Hundreds of years ago there was no such thing as freedom of speech in England. People who spoke out against the king or others in power were likely to be imprisoned and tortured in the stocks or killed.

But sometimes underground movements managed to communicate and spread their protesting ideas to others without getting caught by using a sort of code. Lots of them couldn't read and write and written things could be discovered and used against them. Of course telephones hadn't been invented yet so those people would wander through the street markets calling out messages only others on their side could decipher.

Years ago I read a book called The Real Personages of Mother Goose by Katherine Elwes Thomas. That book, which was published back in 1930, suggests many nursery rhymes were originally hidden political statements. For example Humpty Dumpty and Rock-a-Bye Baby might have been about overthrowing kings.

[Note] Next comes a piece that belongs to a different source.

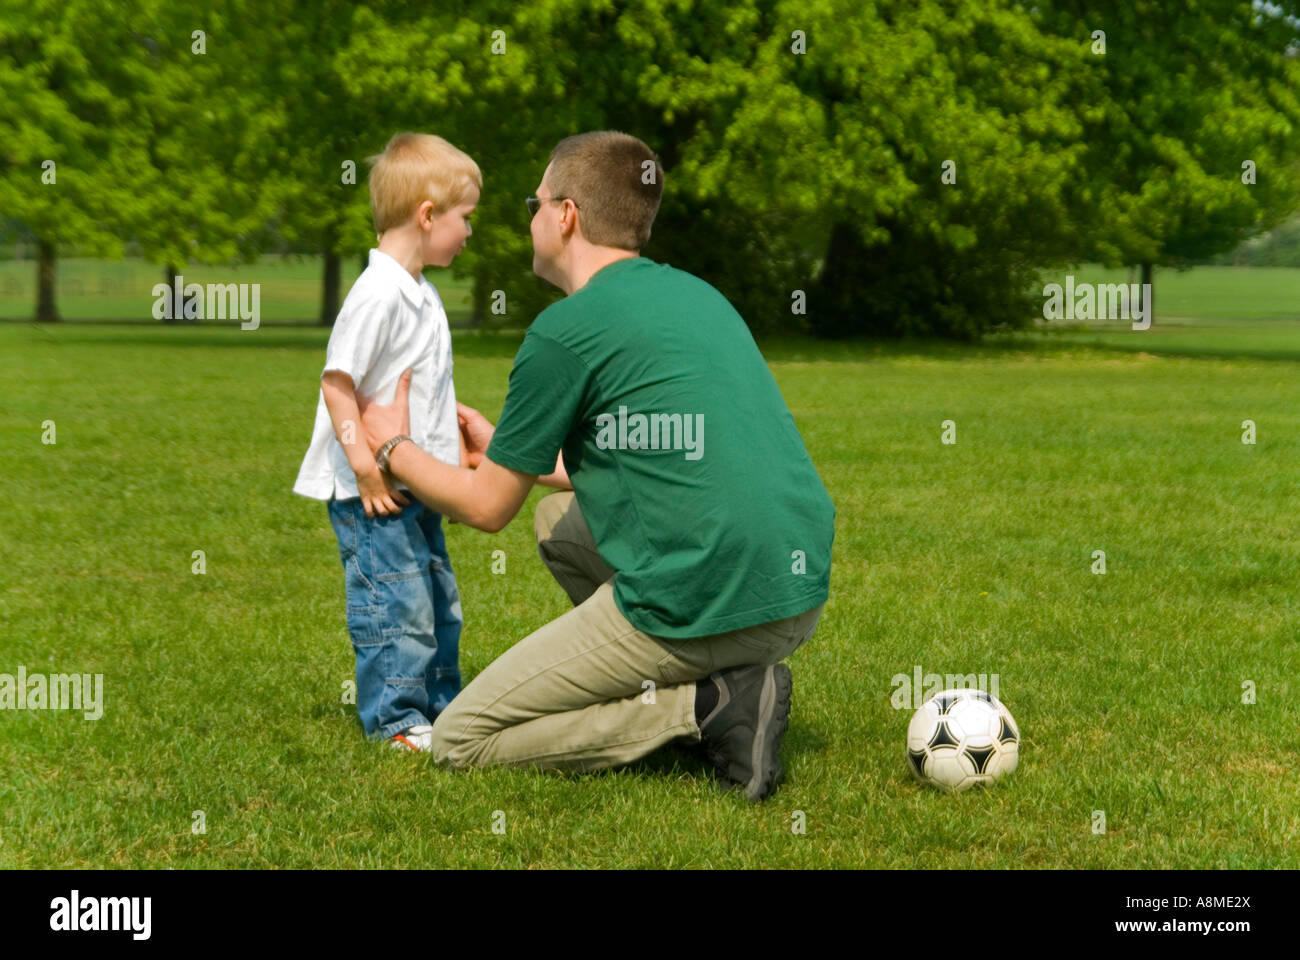 Horizontale Porträt eines jungen Vaters Disziplinierung seinen jungen Sohn während eines Spiels der Fußball im park Stockfoto

Common people often sang in the streets for the purpose of collecting coins for their music, but not everyone could sing or had an attractive voice. For that reason I wouldn't be surprised if some of those political rhymes were actually performed there like modern rap music. 

Even if my guess isn't correct, it's fun to try rapping out some of those rhymes.

A more recent book, Pop Goes the Weasel; The Secret Meanings of Nursery Rhymes by Albert Jack, disagrees with Ms Thomas about the history of some specific rhymes, but agrees with her basic premise that some were originally political statements.

And, since I have a creative imagination, I enjoy thinking about rappers on the streets of England sharing news about their causes.